▶ [INSTRUCTIONS TO FOLLOW]: Using the records below, write out only the lines from the line containing "Statt Yoga mitten" up to and including the line containing "Andalusian village Zahara", exactly, with no pictures.

▶ [ENTRIES PROVIDED]:

┄┄┄┄┄┄┄┄┄┄┄┄┄┄┄┄┄┄┄┄

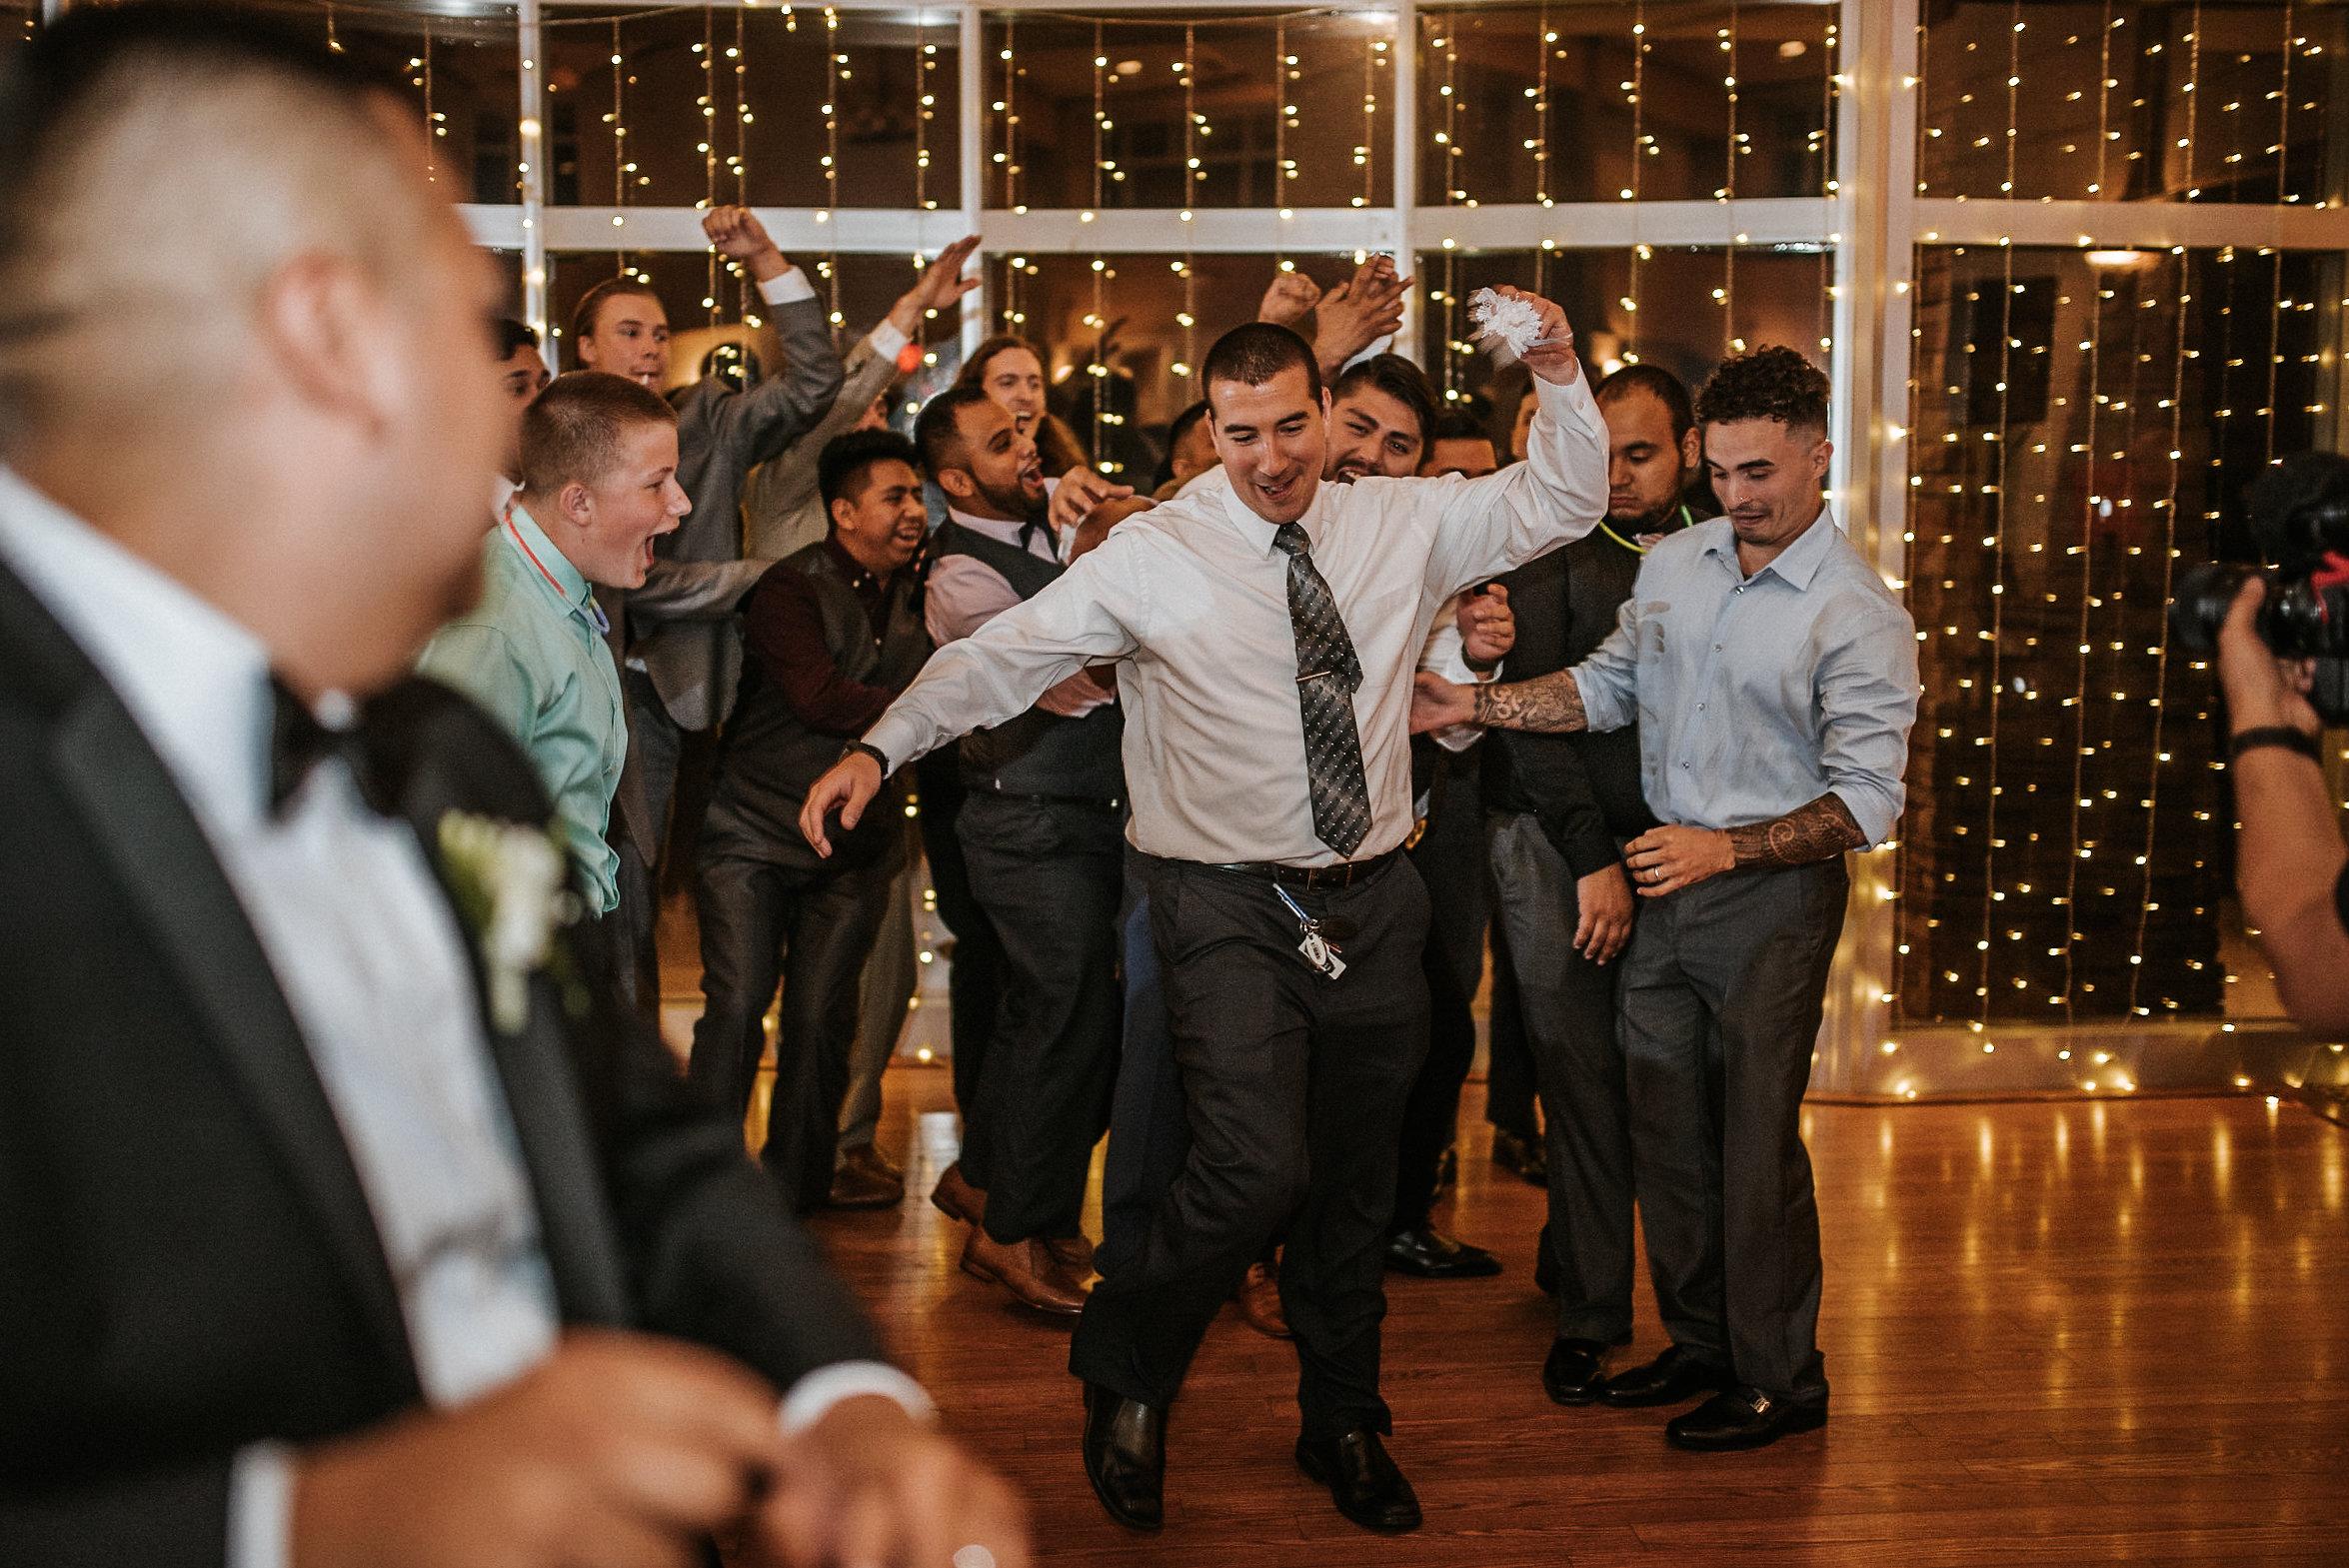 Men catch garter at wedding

┄┄┄┄┄┄┄┄┄┄┄┄┄┄┄┄┄┄┄┄

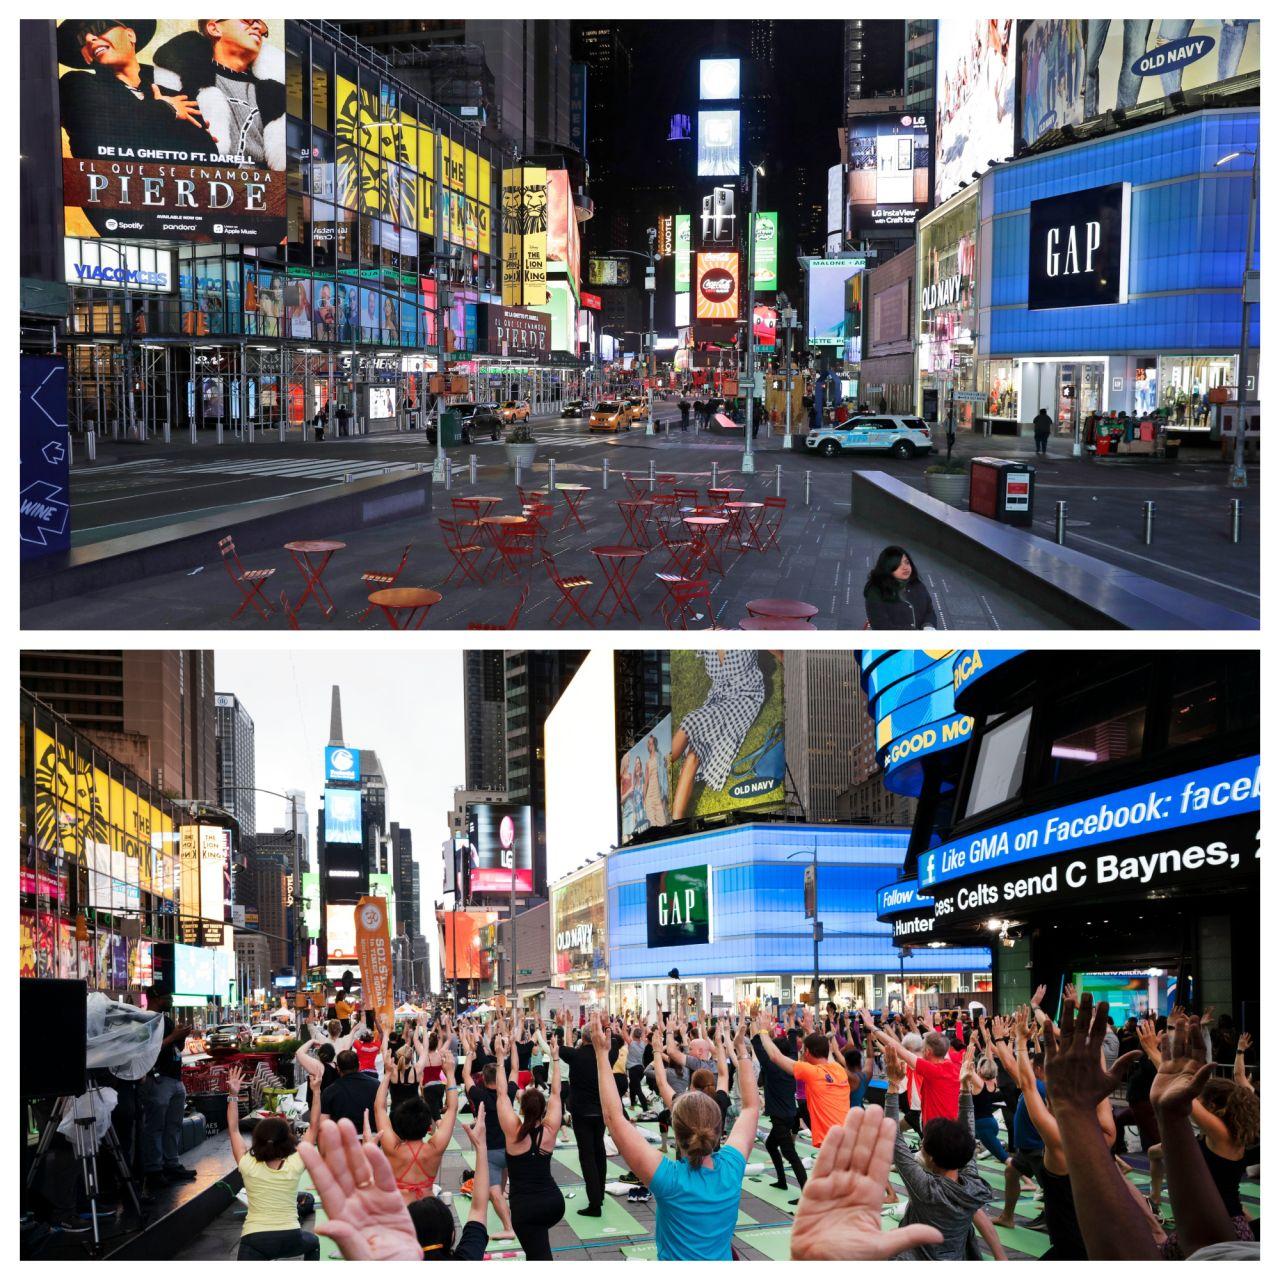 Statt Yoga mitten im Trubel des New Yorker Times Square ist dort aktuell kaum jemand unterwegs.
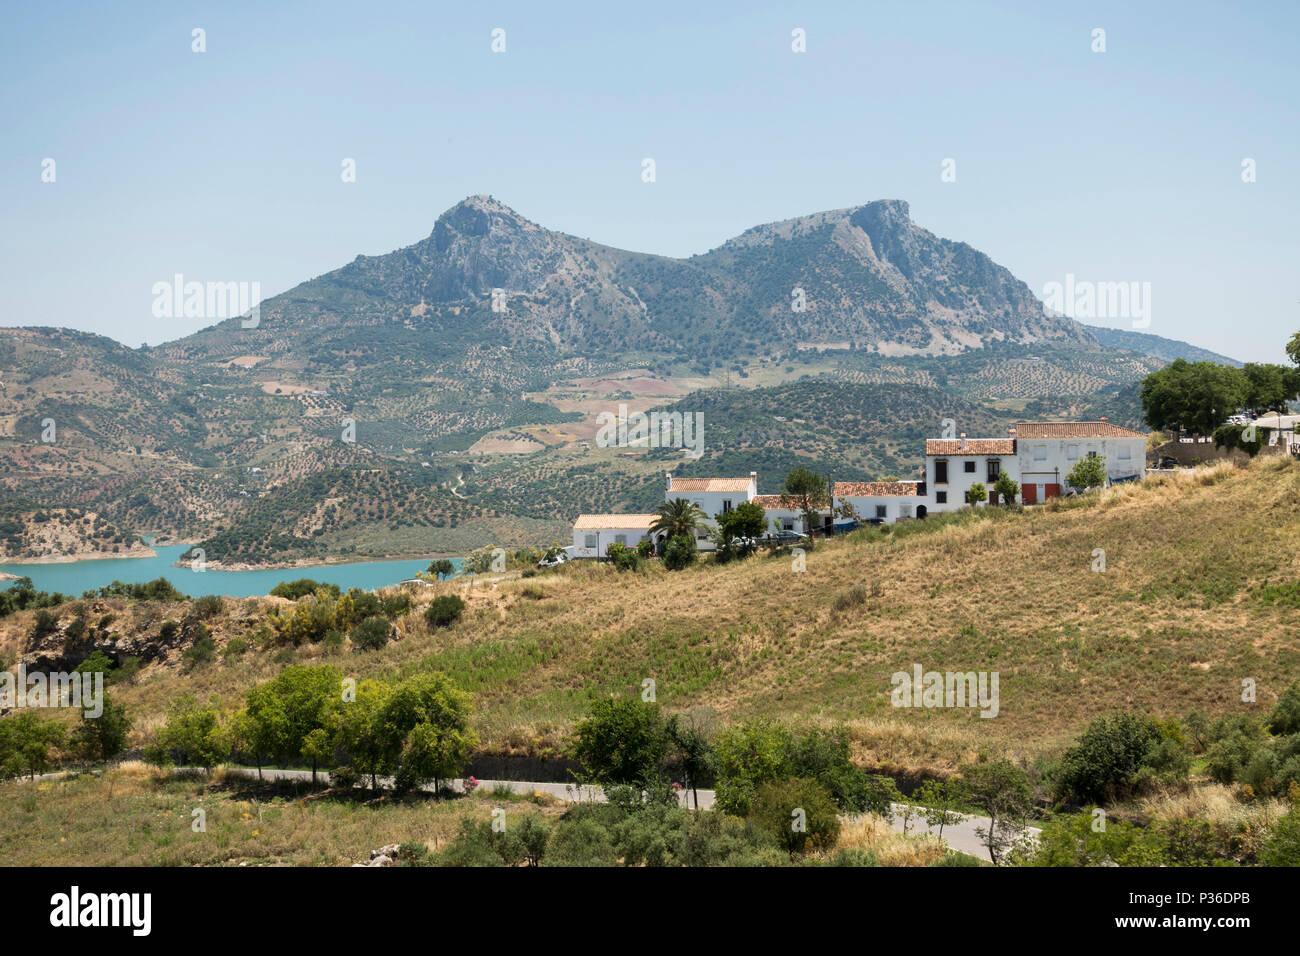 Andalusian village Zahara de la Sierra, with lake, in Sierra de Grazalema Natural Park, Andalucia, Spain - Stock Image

┄┄┄┄┄┄┄┄┄┄┄┄┄┄┄┄┄┄┄┄

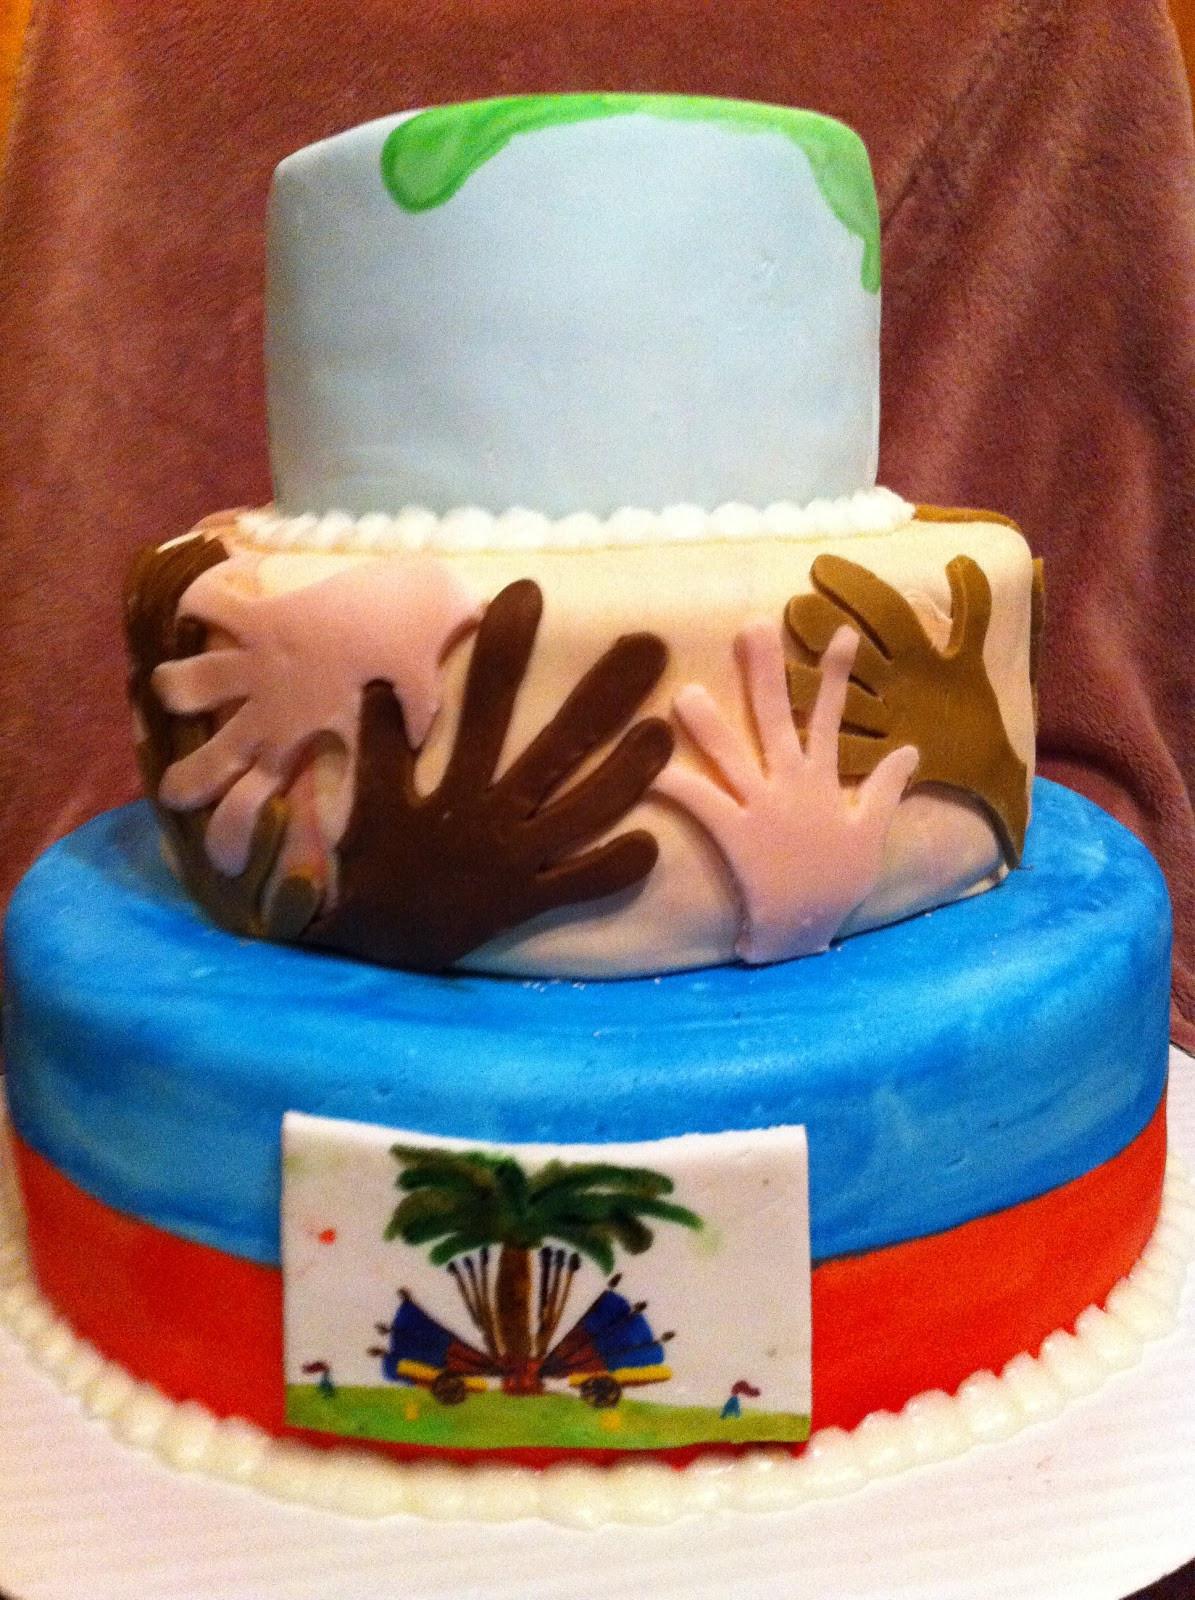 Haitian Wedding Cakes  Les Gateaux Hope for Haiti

┄┄┄┄┄┄┄┄┄┄┄┄┄┄┄┄┄┄┄┄

▶ [WRITTEN SOLUTION]:
 Statt Yoga mitten im Trubel des New Yorker Times Square ist dort aktuell kaum jemand unterwegs.
 Andalusian village Zahara de la Sierra, with lake, in Sierra de Grazalema Natural Park, Andalucia, Spain - Stock Image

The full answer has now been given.